The evidence underpinning sports performance products: a systematic assessment

Authors: Carl Heneghan, Jeremy Howick, Braden O’Neill, Peter J. Gill, Daniel Lasserson, Deborah Cohen, Ruth Davis, Alison Ward, Adam Smith, Greg Jones, Matthew Thompson
Journal: BMJ Open
Year: 2012
DOI: 10.1136/bmjopen-2012-001702
Citations: 45

TL;DR

Of 431 performance-enhancing claims made by 104 different sports products across magazines and websites, 53% of websites provided zero references, and of the 74 studies that could be critically appraised, 84% were at high risk of bias — meaning the vast majority of sports product claims are backed by poor or non-existent evidence.

What they tested

This was not a test of a single product. Instead, the researchers tested the *evidence base* behind sports performance products. They examined:

**Interventions:** Sports drinks, oral supplements (powders, pills, gels), footwear, clothing (compression gear), and devices (wristbands, bracelets)

**Comparators:** None directly — they compared the claims made by manufacturers against the quality of scientific evidence cited to support those claims

**Outcome measures:** Whether each product claimed to improve strength, speed, endurance, recovery, or reduce muscle fatigue; whether references were provided; and the methodological quality of those references (using the Centre for Evidence-Based Medicine levels of evidence and Cochrane risk of bias tools)

The researchers did not measure whether any product actually worked. They measured whether the *evidence* provided by manufacturers was trustworthy.

Who was studied

This was a systematic review of advertising claims and their supporting references, not a study of human participants.

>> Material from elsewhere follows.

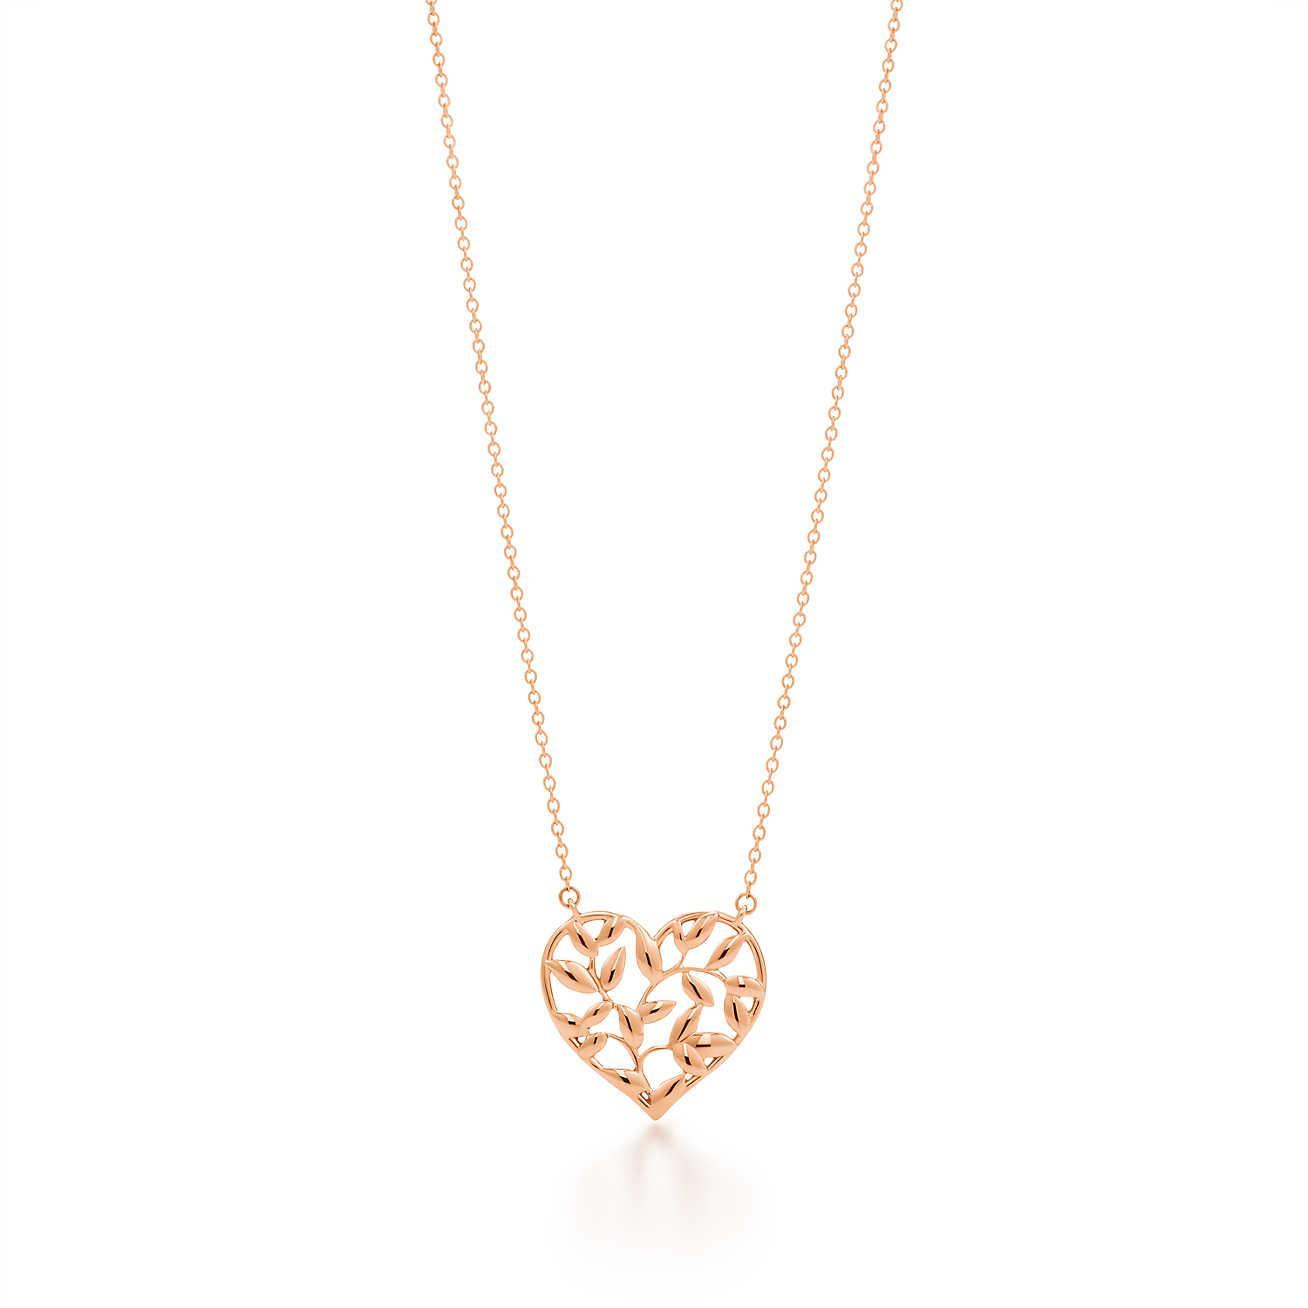 83e120124 Tiffany & Co. Paloma Picasso. Olive Leaf Heart Pendant In 18k Rose ...

However, the researchers examined the *participants* in the 74 studies they were able to critically appraise:

Participants in the underlying studies were categorised as: "regular people" who do not exercise or compete seriously in sport; amateur athletes (including "regular people" who exercise seriously); and sports professionals

The researchers did not report exact participant numbers across all studies, but the studies they appraised ranged from small (often fewer than 20 participants) to moderate-sized trials

The setting was global: the researchers examined UK and US magazines (top 100 general magazines and top 10 sport/fitness magazines) and the associated websites of products advertised within them

How they measured it

The researchers used a systematic, multi-step process:

**Magazine screening:** One reviewer examined every page of 92 magazines (March 2012 issues) to identify adverts. A second team of reviewers confirmed which adverts were sports-related. A third round identified which adverts made specific performance-enhancing claims.

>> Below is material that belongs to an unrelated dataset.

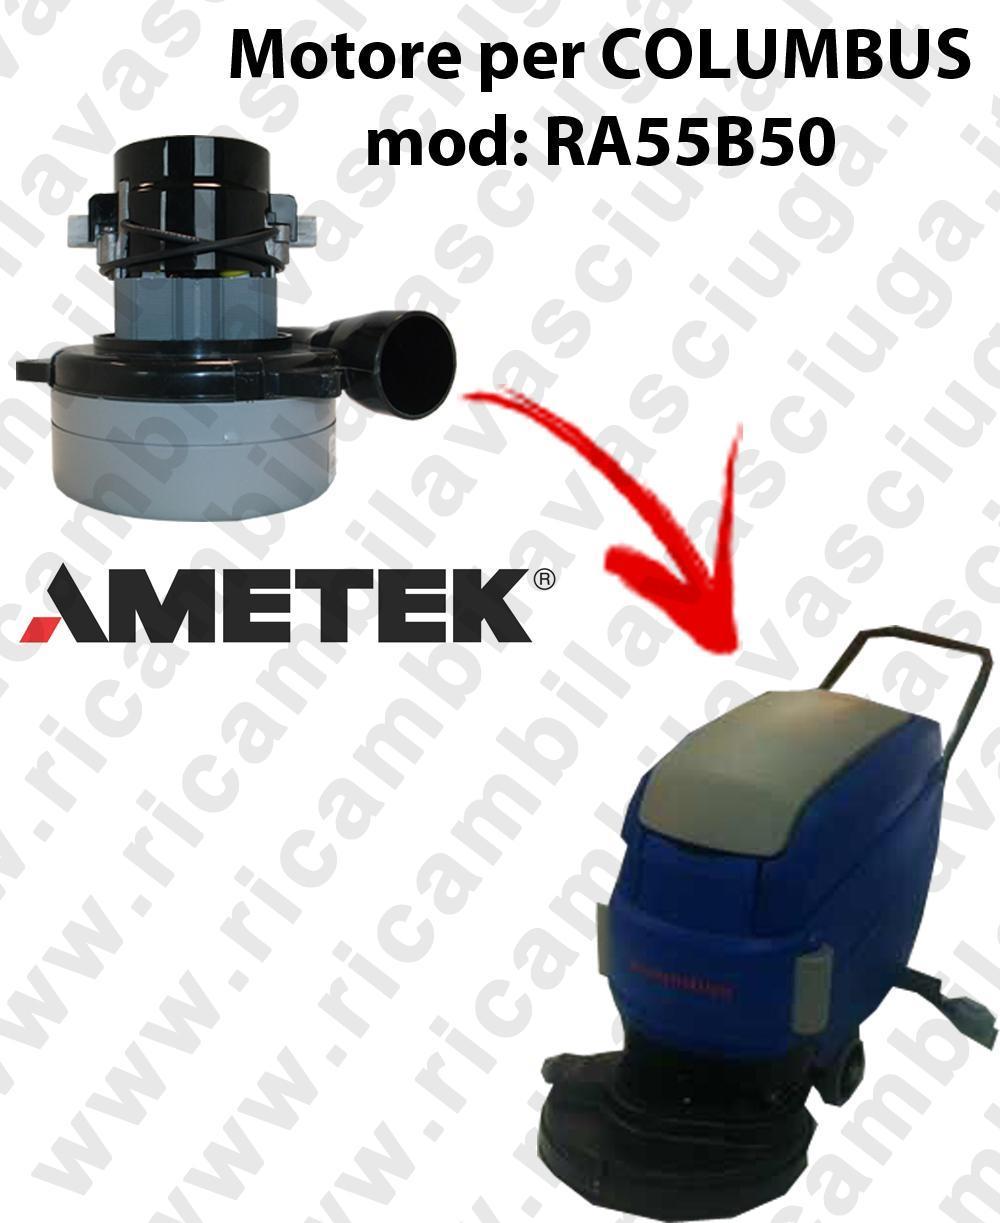 RA55B50 Motore de aspiración LAMB AMETEK para fregadora COLUMBUS

**Website analysis:** For each product making a claim, researchers viewed all associated web pages (1,035 total) and extracted every performance claim (431 total) and every reference cited (146 total).

**Evidence quality assessment:** They used the Centre for Evidence-Based Medicine (CEBM) Levels of Evidence, where Level 1 = systematic reviews of randomised trials, Level 2 = individual randomised trials, Level 3 = non-randomised studies, Level 4 = case series, and Level 5 = mechanistic reasoning (expert opinion, animal studies).

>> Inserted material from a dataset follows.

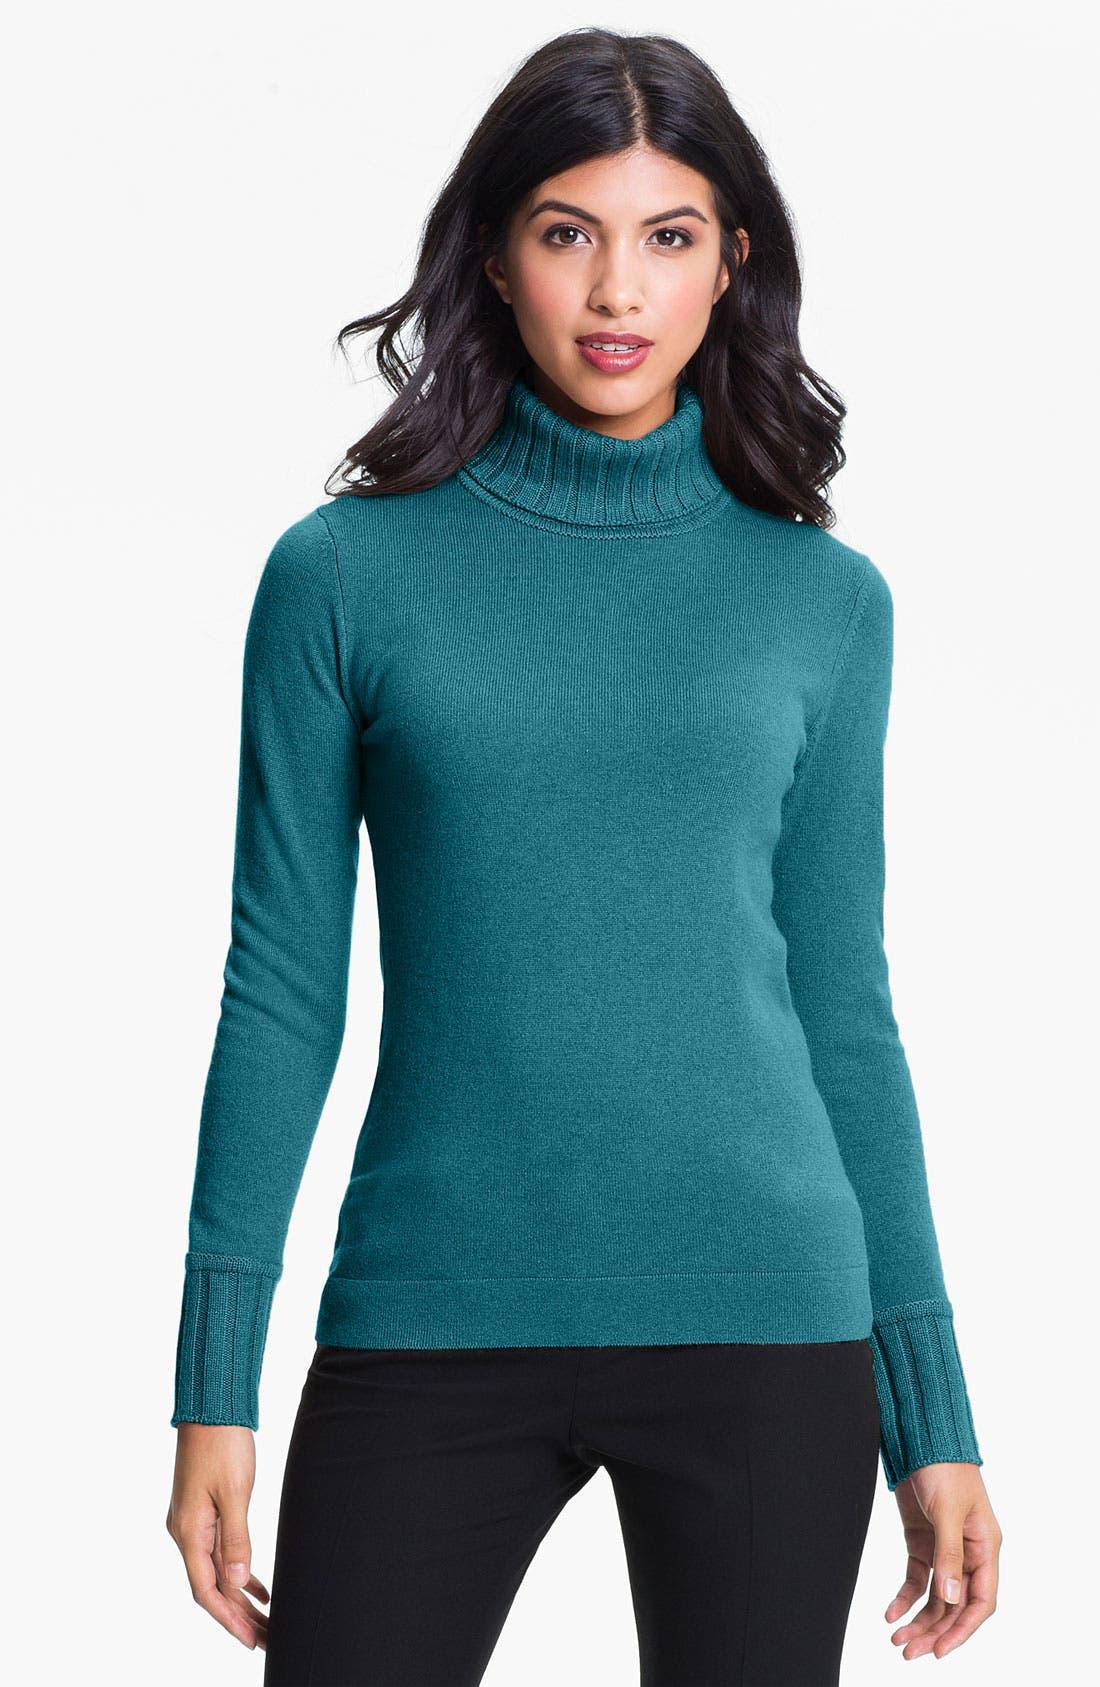 Alternate Image 1 Selected - Cashmere Cashmere Turtleneck Sweater

**Risk of bias assessment:** They used the Cochrane Collaboration's tool, assessing studies as high, unclear, or low risk of bias based on: clear hypothesis, control group, power calculation, randomisation, allocation concealment, intention-to-treat analysis, and blinding of investigators, outcome assessors, and participants.

**Manufacturer contact:** Researchers emailed all 42 manufacturers asking them to confirm whether the list of claims and references was complete, whether additional data existed, and whether unpublished research was available. Only 16 responded.

Methodology

**Study design:** This was a systematic review — a study that collects, evaluates, and synthesises all available evidence on a topic using pre-specified, reproducible methods. It is not a meta-analysis (which pools data statistically), because the studies were too heterogeneous and mostly too poor to combine.

**Sampling strategy:** The researchers selected the top 100 general magazines and top 10 sport/fitness magazines in the UK and USA by circulation (Magazine Audit Bureau of Circulations). This was a purposive sample designed to capture products marketed to the general public, not niche bodybuilding magazines. They examined only the March 2012 issues — a single month snapshot.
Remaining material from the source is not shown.